Japon Su Terapisinin Yan Etkileri Var Mı?
Su içmenin esas alındığı bu terapi için kısa sürede aşırı su tüketirseniz, su zehirlenmesi ya da aşırı hidrasyon meydana gelebileceğinden, kontrollü su içmeniz gerekiyor. Tuzun aşırı sıvı nedeniyle aşırı düşmesi ya da kanınızdaki hiponatremi söz konusu olabilir. Bu nedenle ortalama 1 litre ve civarında su içmelisiniz. Aşırı su tüketiminden kaçınmak gerekiyor.
Fazla su tüketiminin, ölümle sonuçlanabilecek kadar ciddi bir durum olduğunu da belirtelim.
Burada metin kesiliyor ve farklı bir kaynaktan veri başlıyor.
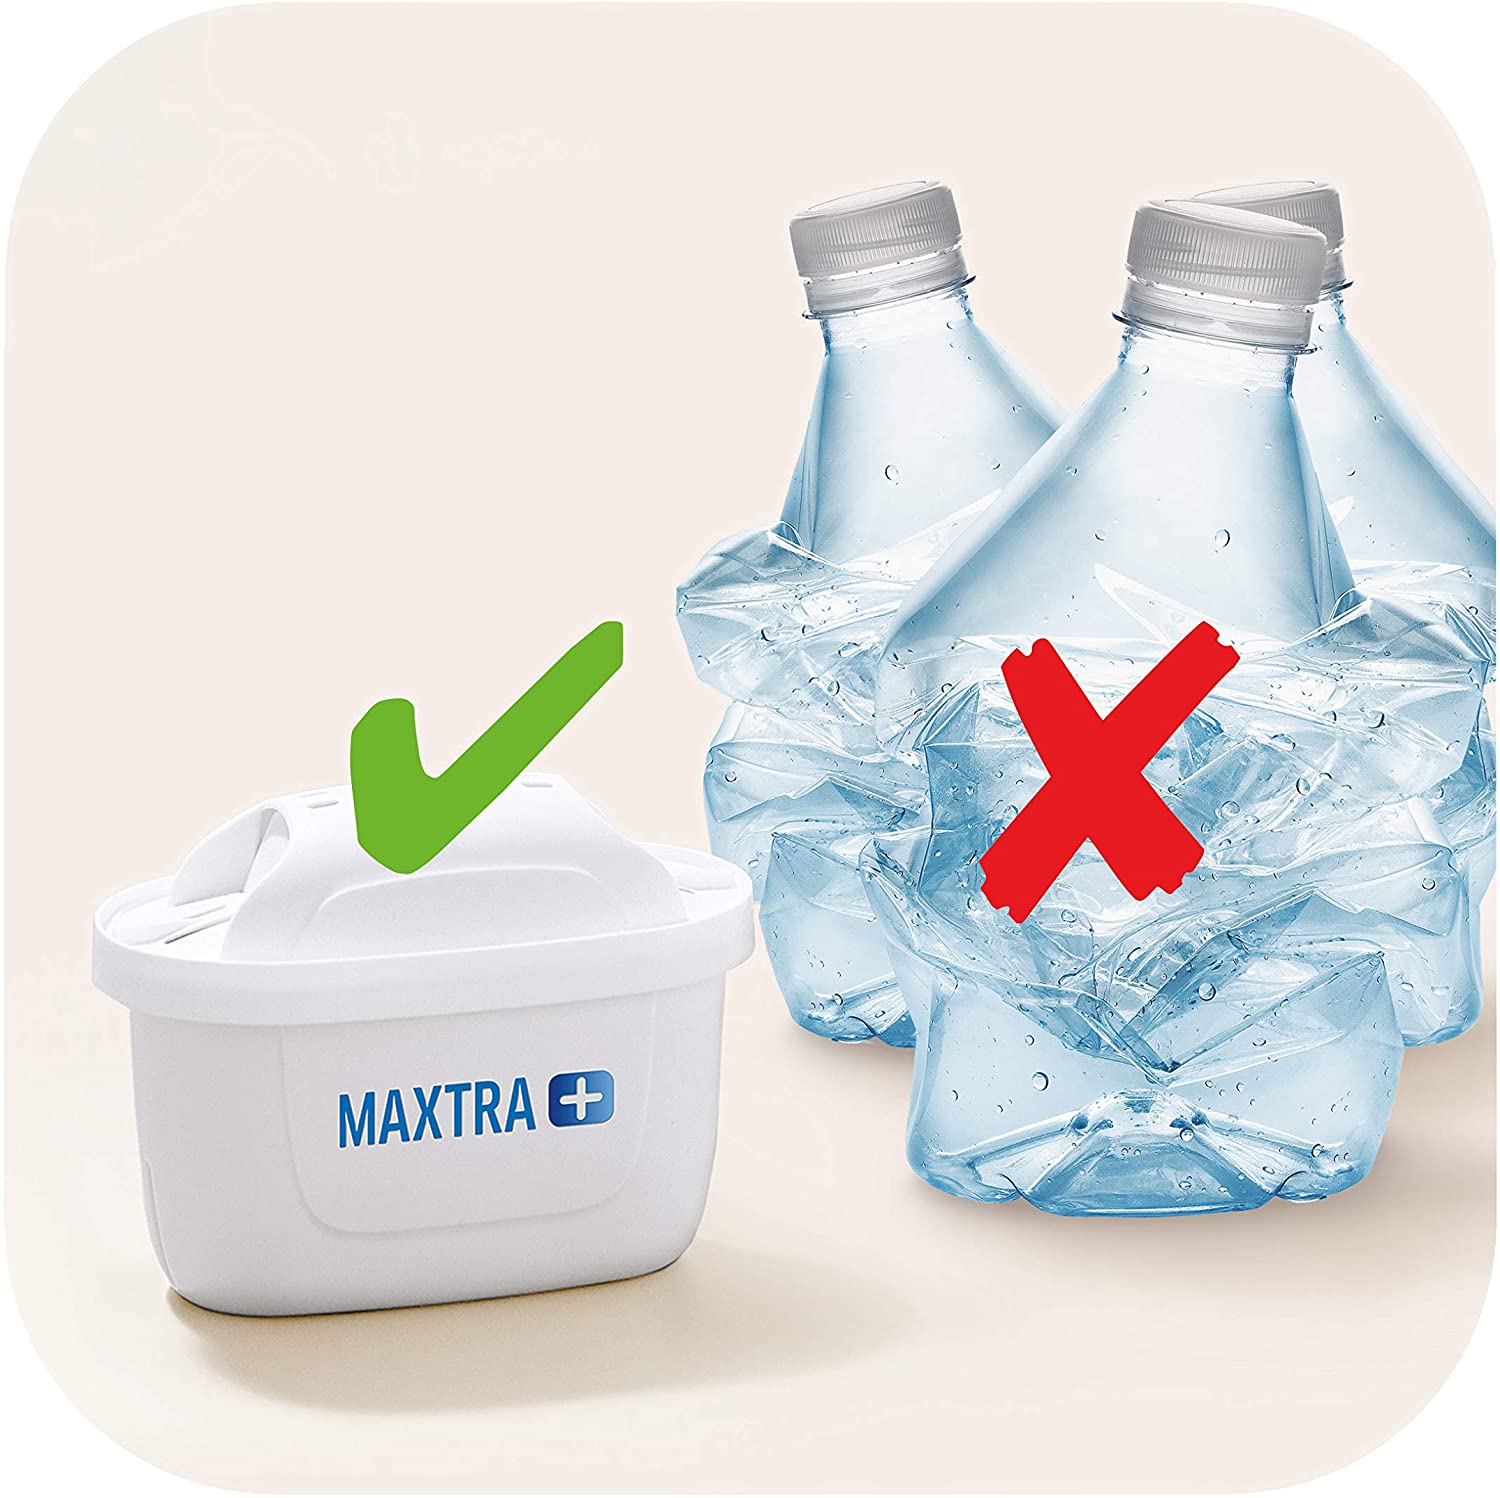 Brita  Filtros de agua Maxtra. Pack de 4 (3 + 1)
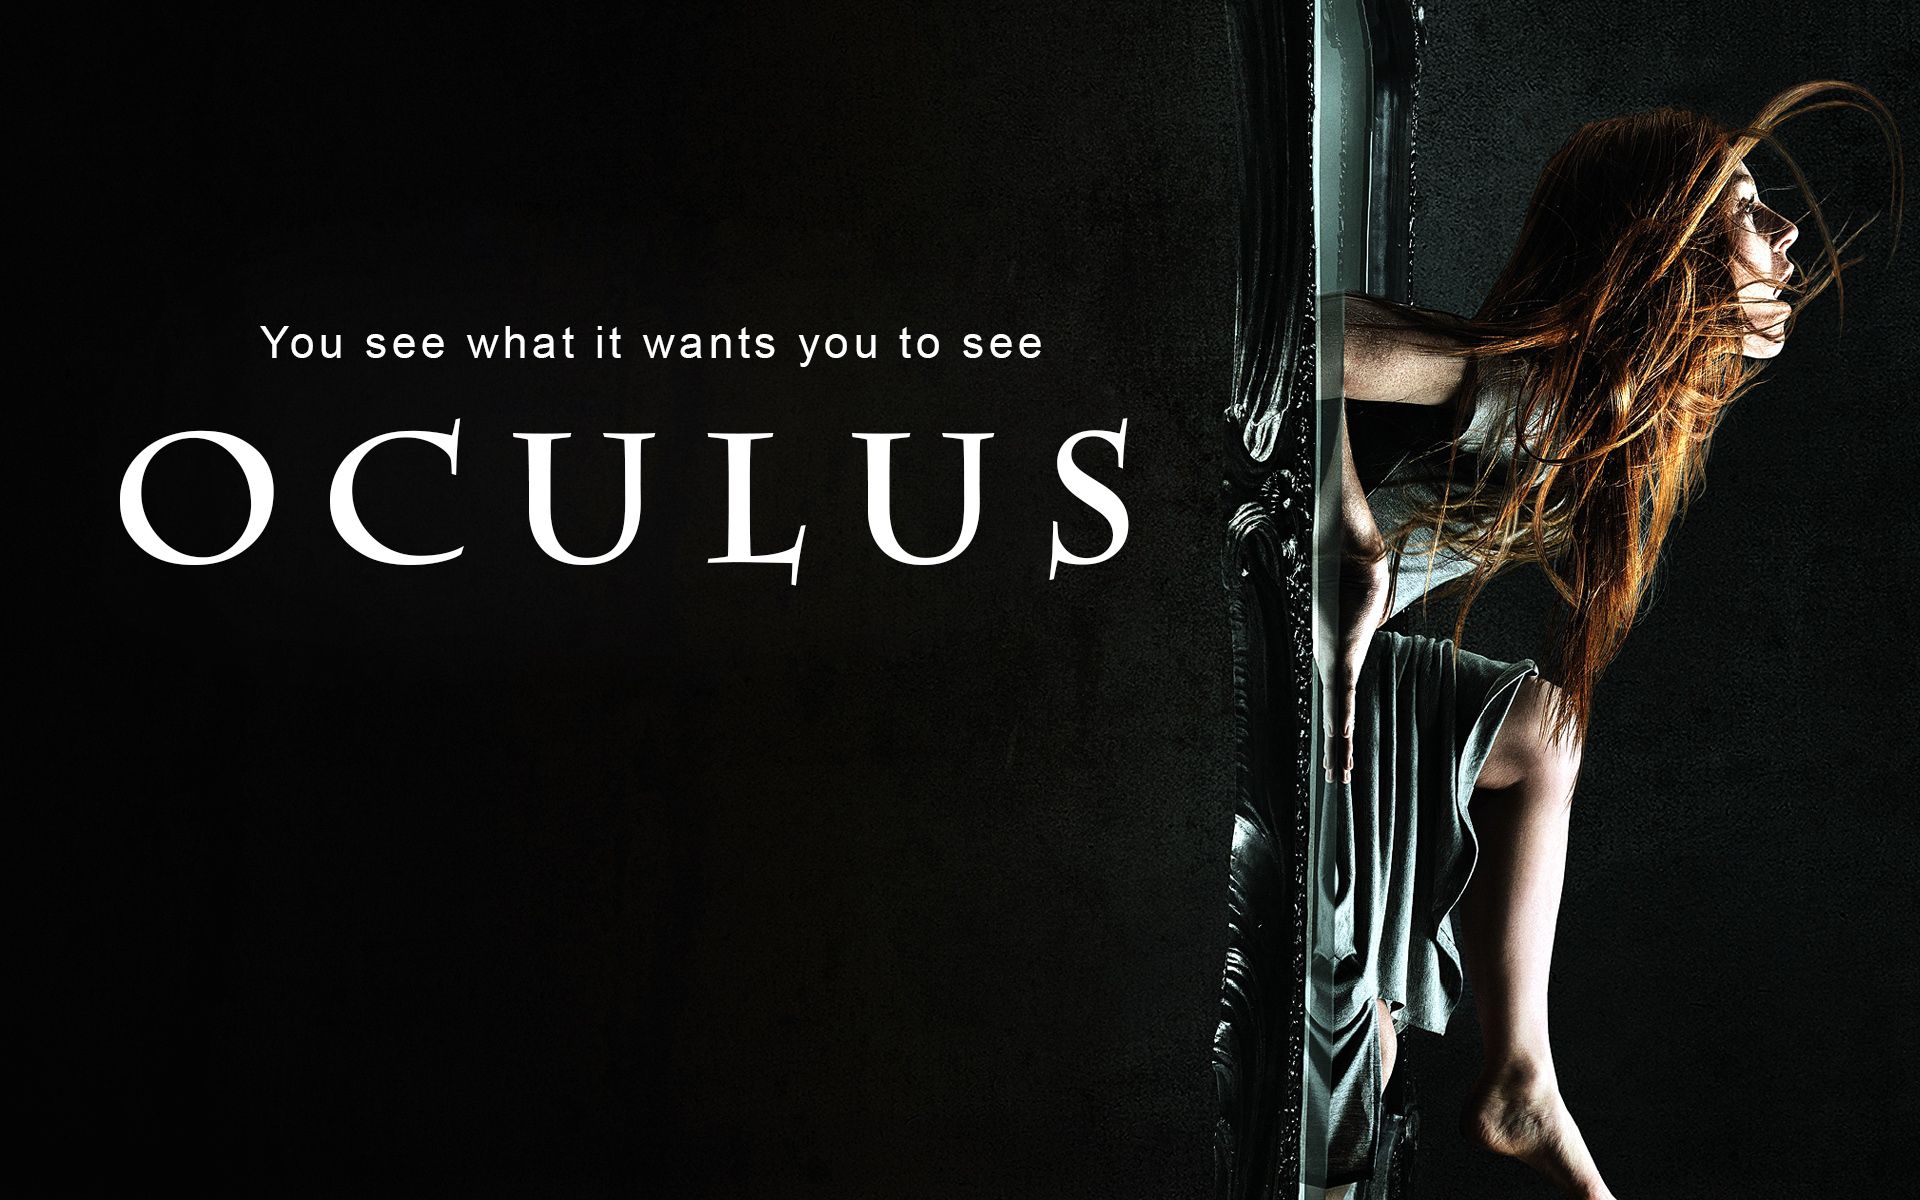 Crítica de la película Oculus en filmfilicos el blog de cine

Hiponatremi olasılığı bulunan bireyler içerisinde böbrek hastalıklarına sahip olanlar ya da böbrek sorunu yaşayanlar, dayanıklı sporcular, uyarıcı ilaçları kötü amaçla kullanan kişiler olarak da sınıflandırabiliriz.
Kişisel sağlık sorunları, yaş ve cinsiyet, mevsim şartları, kişinin kilosu gibi değişken faktörler göz önünde bulundurularak, günlük tüketilmesi gereken su miktarı belirlenmelidir.